Köleliğe isyan başladı!..

    Akyazı’da faaliyet gösteren Yazaki Fabrikası Çark Caddesi’ne stand kurup işçi aramaya başlamış!..

    Muhabbete bakın…

    Görenlerde, duyanlar da iş var işçi bulunamıyor sanırlar!..

    Kazın ayağı hiç de öyle değil..

    Geçtiğimiz yıllarda krizi bahane ederek çalışanlarını kapı dışarı eden Yazaki, bugünlerde işleri yoluna koymuş olacak ki, yana yana işçi arıyor.

    Hatıralar canlı.

    Geçmiş denilen şey öyle kolay kolay unutulmuyor.

    Bu şehrin insanları onurludur, gururludur, asildir ve dik durmayı da bedeli ne olursa olunsun severler…

    İhaneti ise asla affetmezler...

    Yazaki’nin yana yana işçi aramasının ve bulamamasının nedenlerinden biri budur. Öteki nedenlerine birazdan geleceğiz…

    ***

    Bakın bu şehirde ilginç şeyler oluyor.

    Toyota denilince akıllara devasa bir fabrika geliyor. 

    Evet gerçekten de devasa bir fabrika…

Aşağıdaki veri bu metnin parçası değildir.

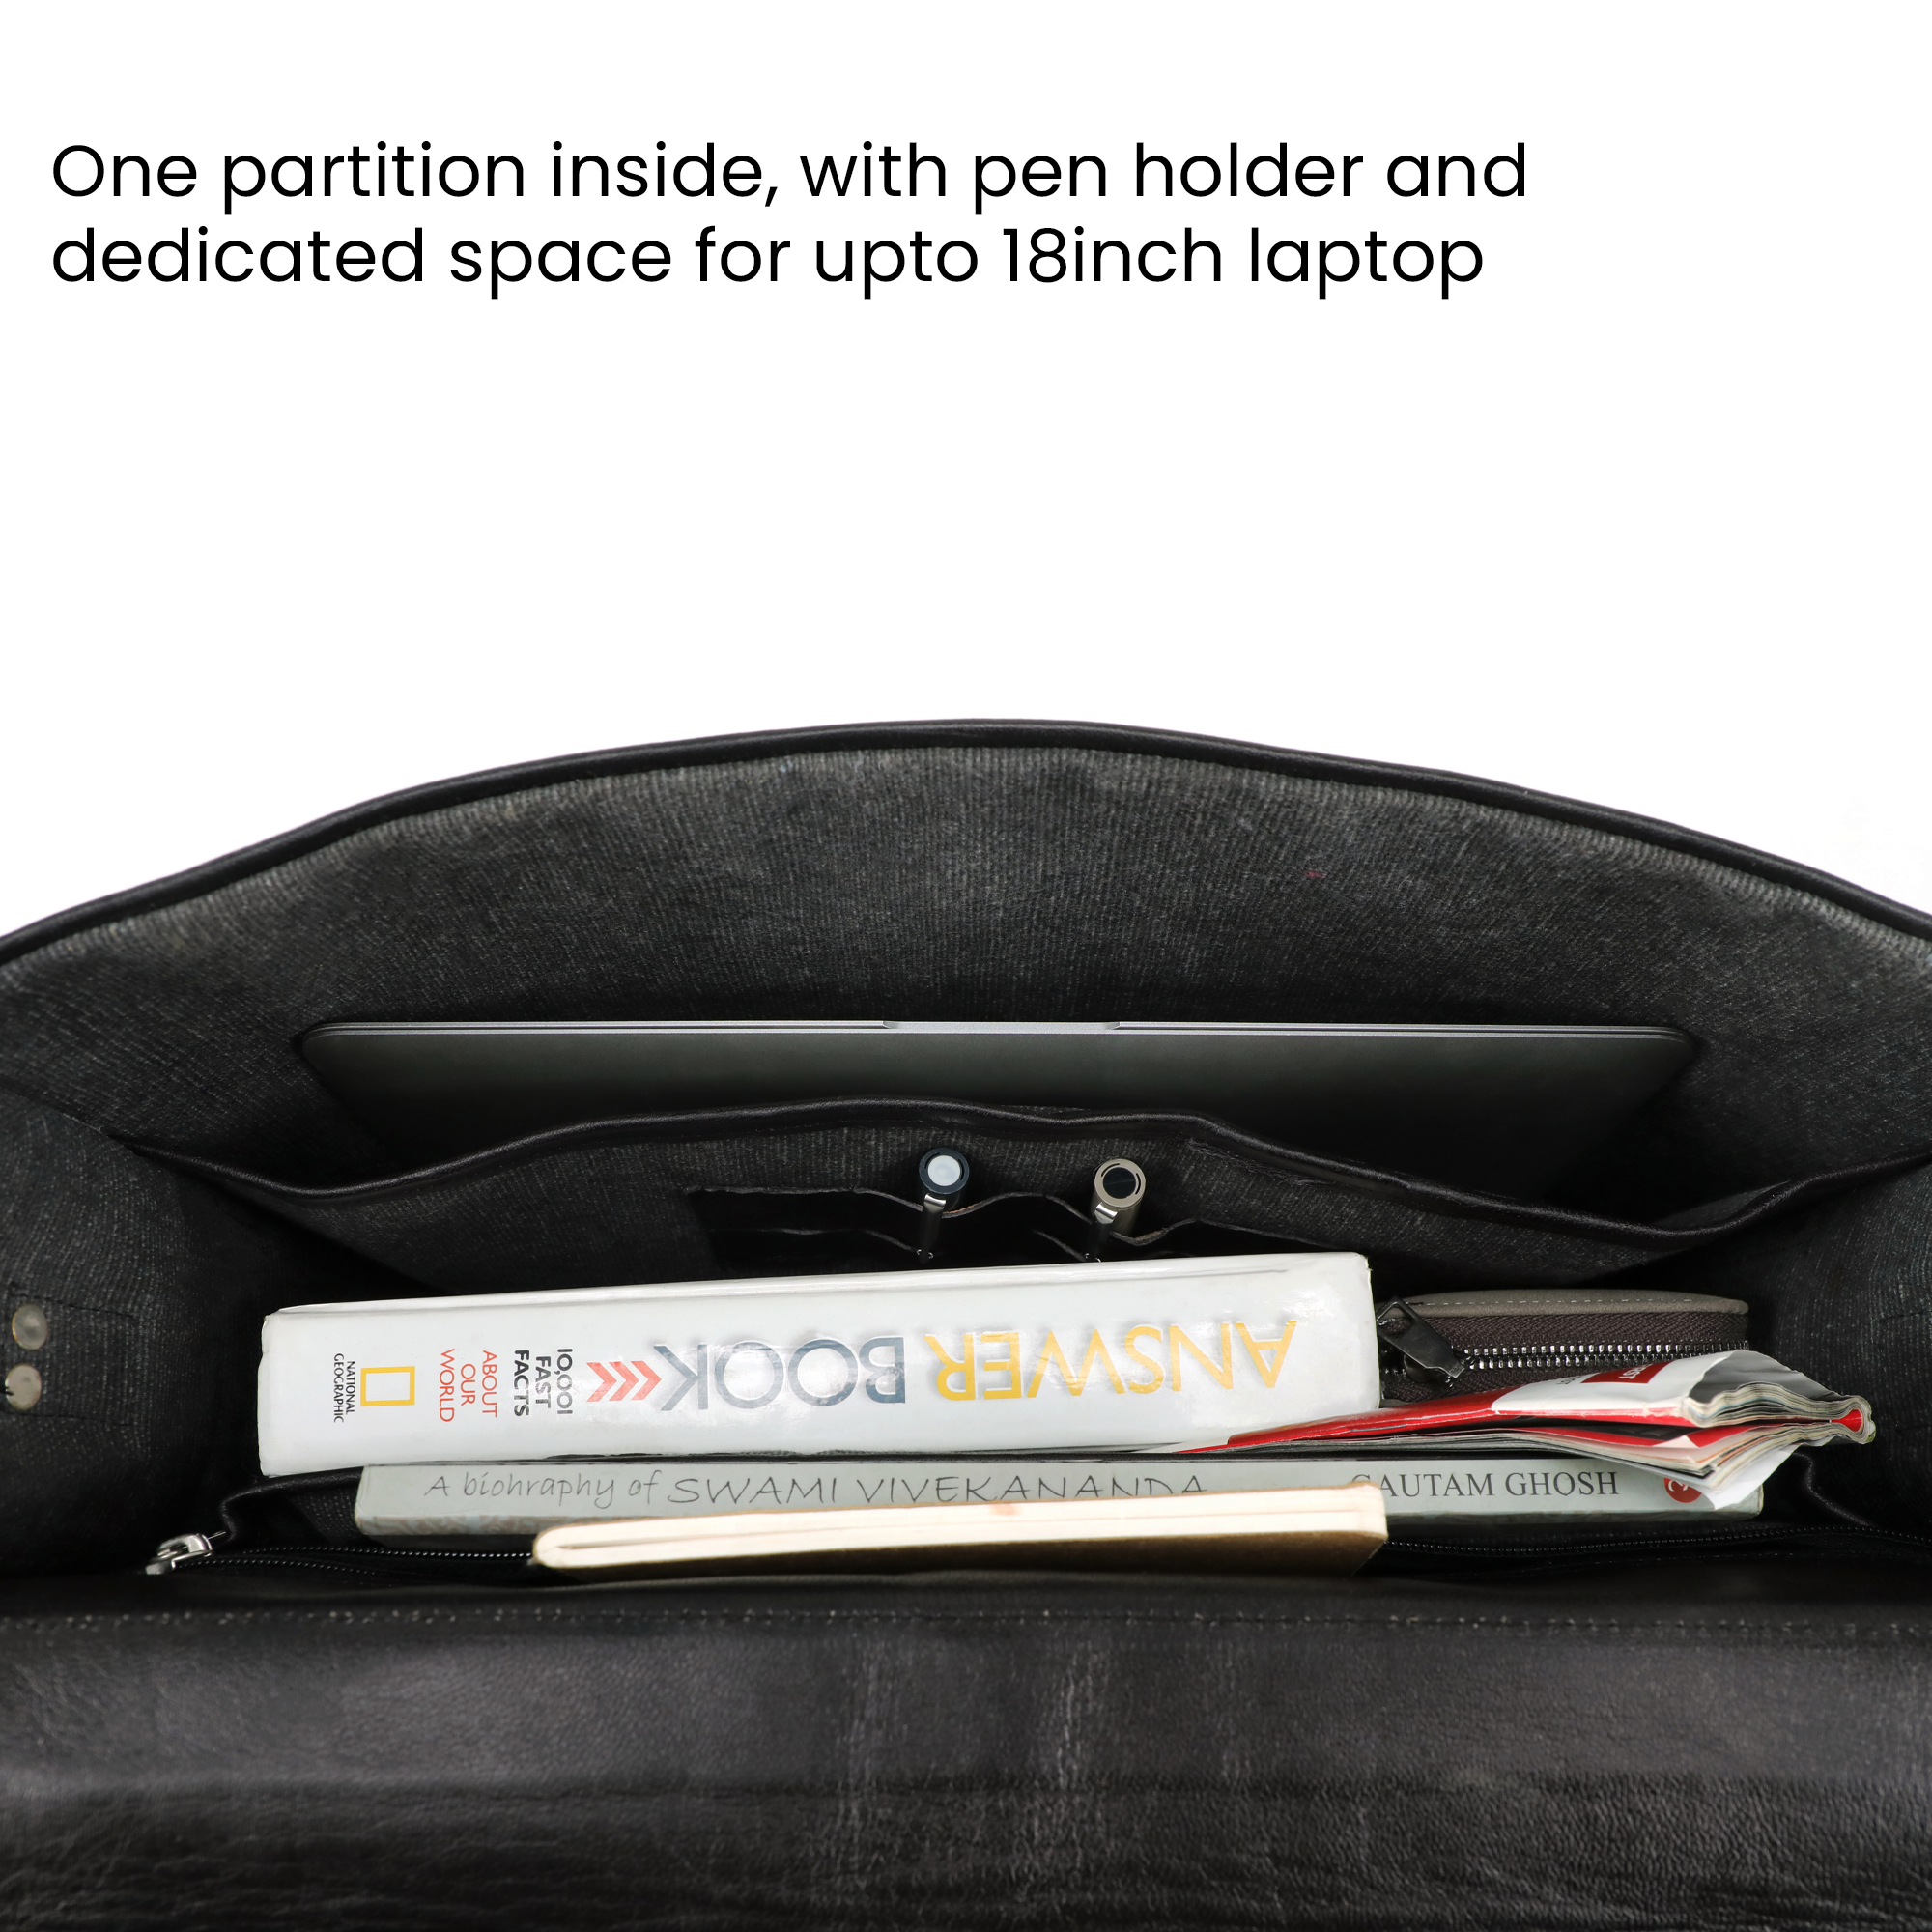 Inside of the black leather bag for men showing dedicated laptop compartment, pen slots, and spacious compartment for books or documents

    Ancak, o devasa yapının yanında çalışanın emeğine karşı son derece cüce bir duruş sergileyen fabrika olduğunu bu şehirde bilmeyen kalmadı.

    Sağır Sultan bile Toyota fabrikasına giren bir işçinin, ya bel fıtığı, ya boyun fıtığı, ya kas erimesi, ya da şiddetli göz ağrıları ve solunum yolları enfeksiyonları gibi daha ziyade o fabrikaya has olduğu iddia edilen hastalık türlerinden dert yanarak işten ayrıldığını biliyor…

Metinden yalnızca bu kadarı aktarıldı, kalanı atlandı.